Tucked away in a plain building on Mosholu Avenue, Elisa Contemporary Art has had a home in Riverdale since 2008. Cooper, a former Riverdale resident, initially established the gallery in 2007, and although she spent over 20 years in advertising and marketing, working for major companies such as Mercedes-Benz, Cooper’s true passion lies in making art accessible to others.

“Art really has a healing and transforming quality in all of our lives,” she said. “And it’s so important, so there’s always been––since the beginning––that ability to give back and support the healing quality of art therapy as well.” 

Cooper’s work goes beyond her Riverdale location. She’s an art dealer who works with artists and puts on shows in Manhattan, Miami and other cities. In the last year, she’s opened an art salon in Connecticut, and a portion of the money Elisa Contemporary Arts makes goes to philanthropic initiatives such as Free Arts NYC and the Art Therapy Project. But her decision to open a gallery in Riverdale came from wanting to tap into a niche that was lacking in the community.

“We have great, wonderful, smart people here who are passionate about the arts,” she said, “but there’s a little bit of that feeling in Riverdale that if it’s here, it’s not as good as it’s going to be in Manhattan or someplace else, which actually is an incorrect perspective.” 

And even though Cooper’s goal is to serve the arts to everyone, her own passion is the element that holds it together. She believes it’s part of her aesthetic to pick work she loves before exhibiting it to others.

“I’m such a firm believer that [art] needs to live somewhere between your heart and your emotion, and you take your head out of it,” she said. “But it has to make you feel something.” 

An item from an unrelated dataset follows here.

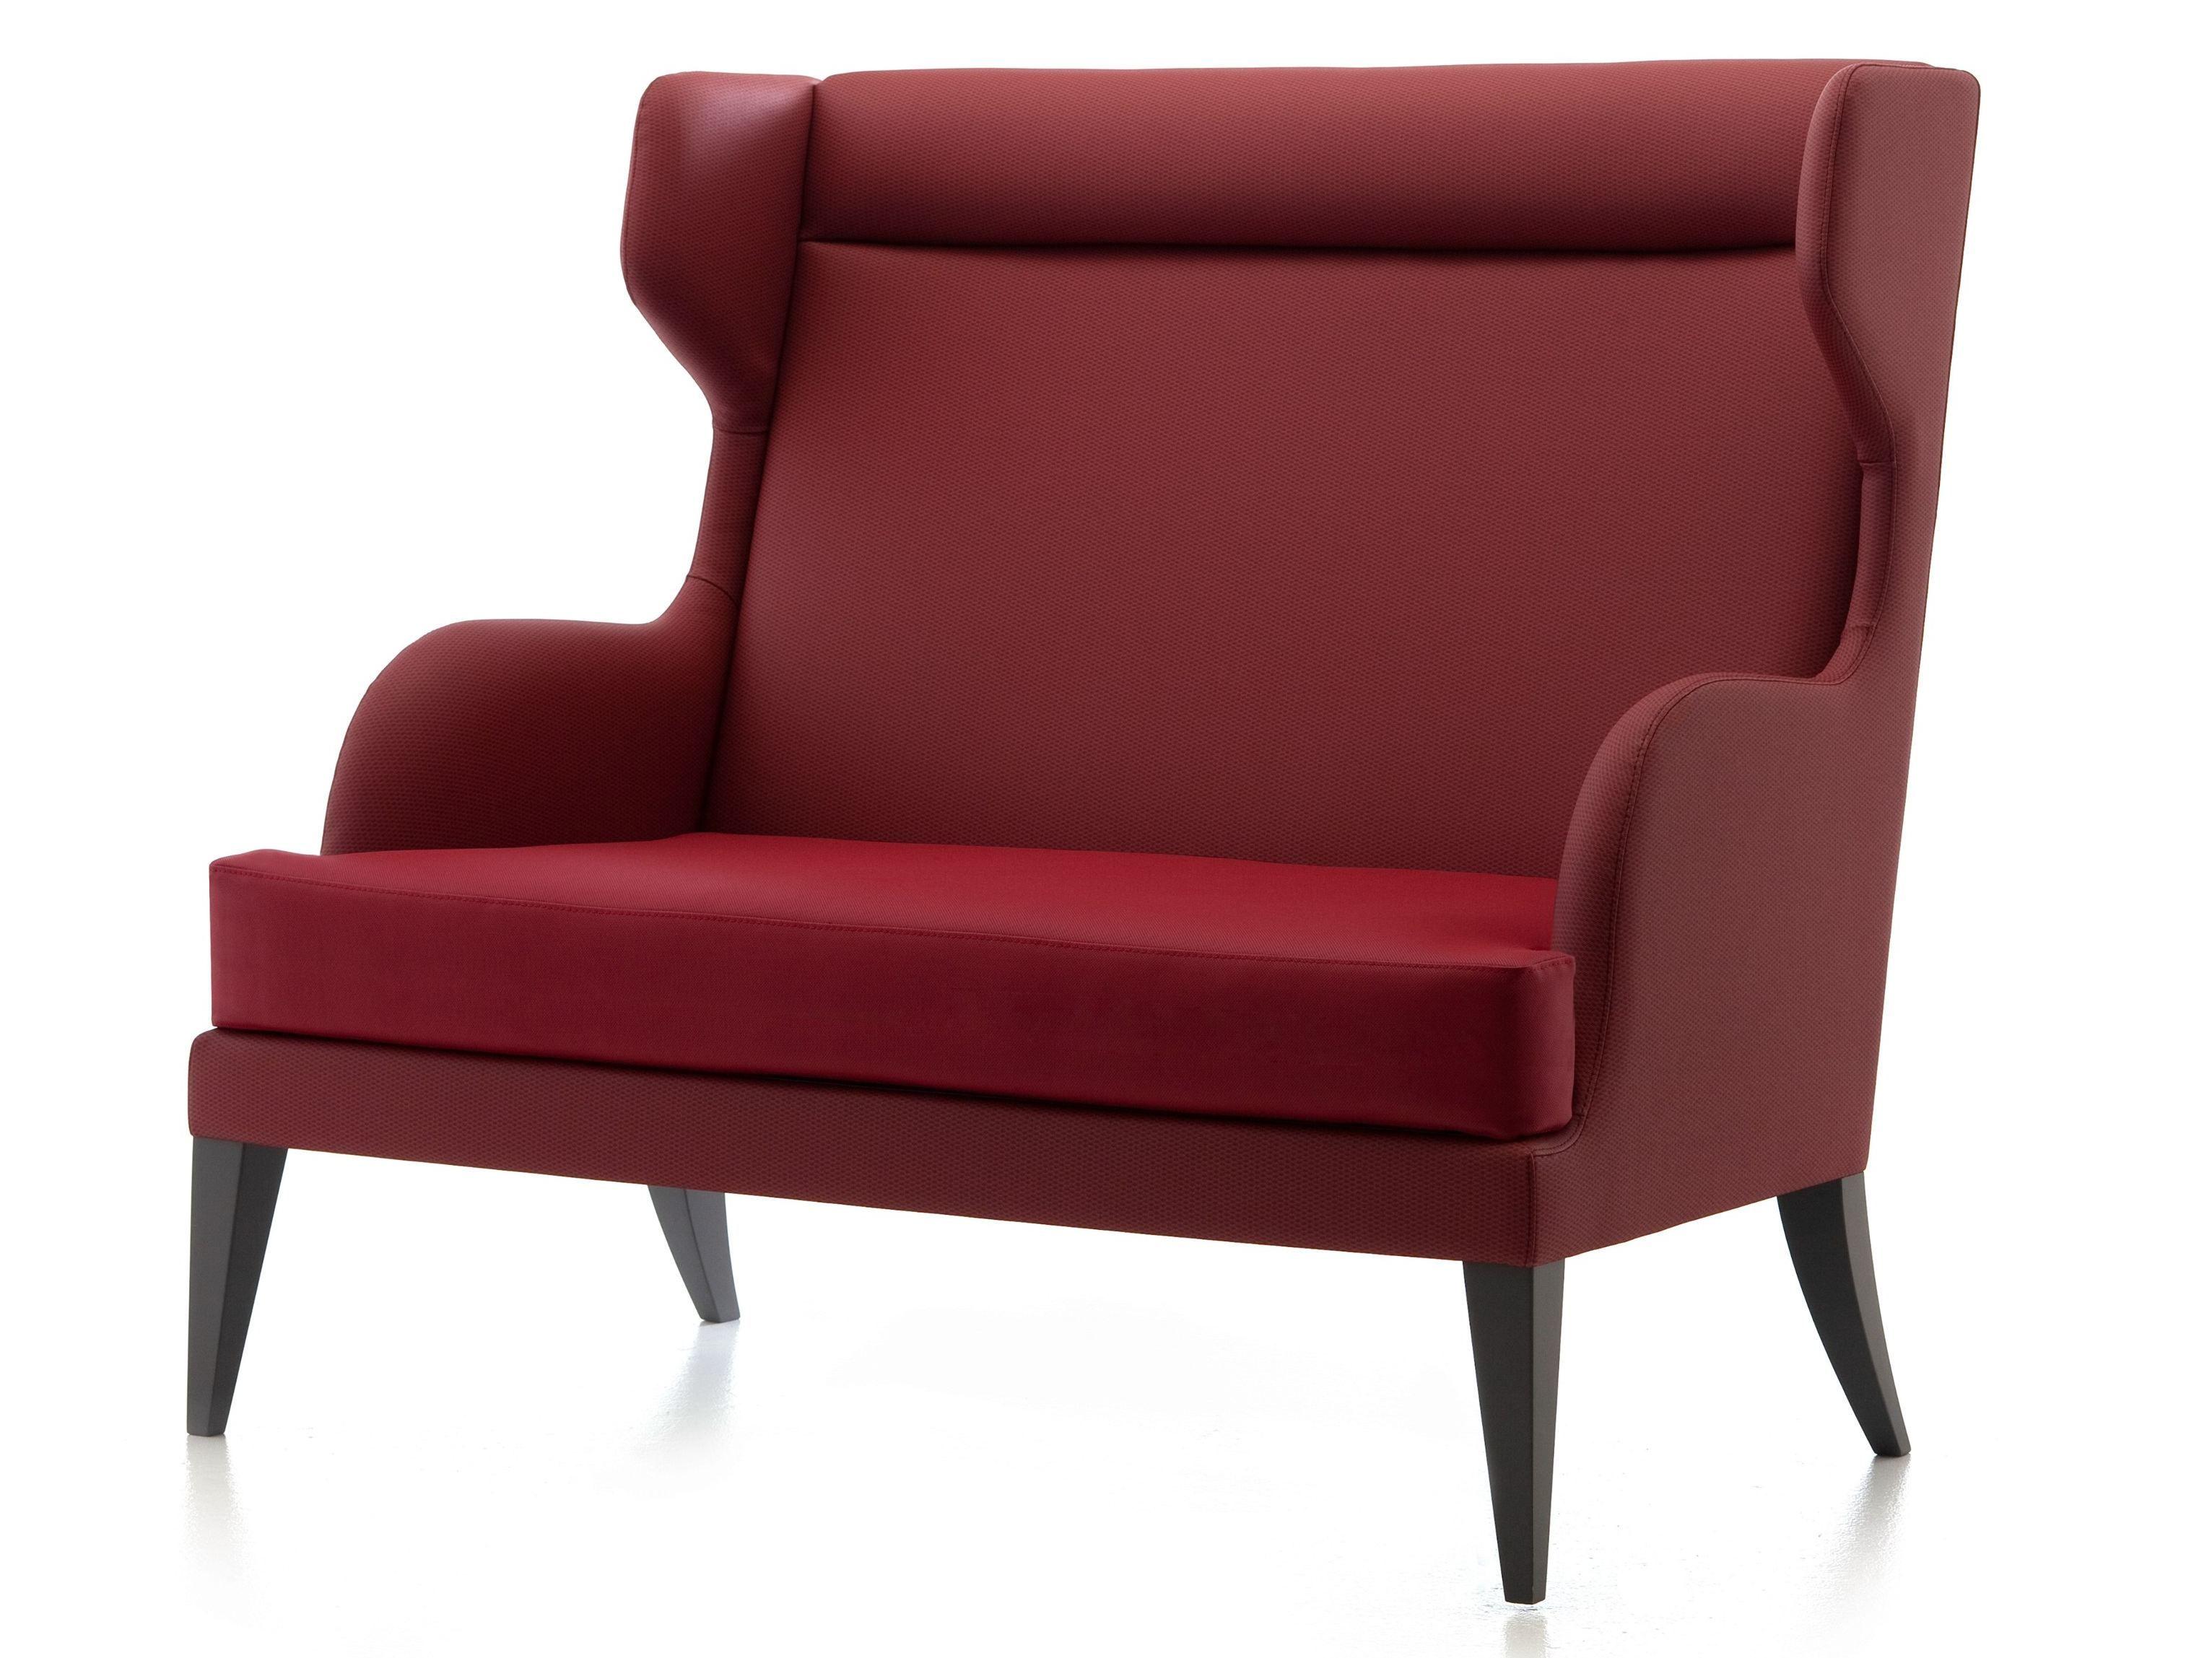 2 er sofa mit hoher r ckenlehne kollektion onda by very. Black Bedroom Furniture Sets. Home Design Ideas

Cooper doesn’t know what the future of art will hold, but she’s intrigued by what artists will bring to her gallery and how her visitors will perceive it. 

“I hope their impressions are that they see something they’ve never seen before or experienced,” she said, “that it takes them into a different space that they have that feeling like, ‘this is something I would love to come home to every day and get lost and get out of this crazy world and just get lost into a piece of art’ into someplace that’s a little more healing, transformative and meditative.”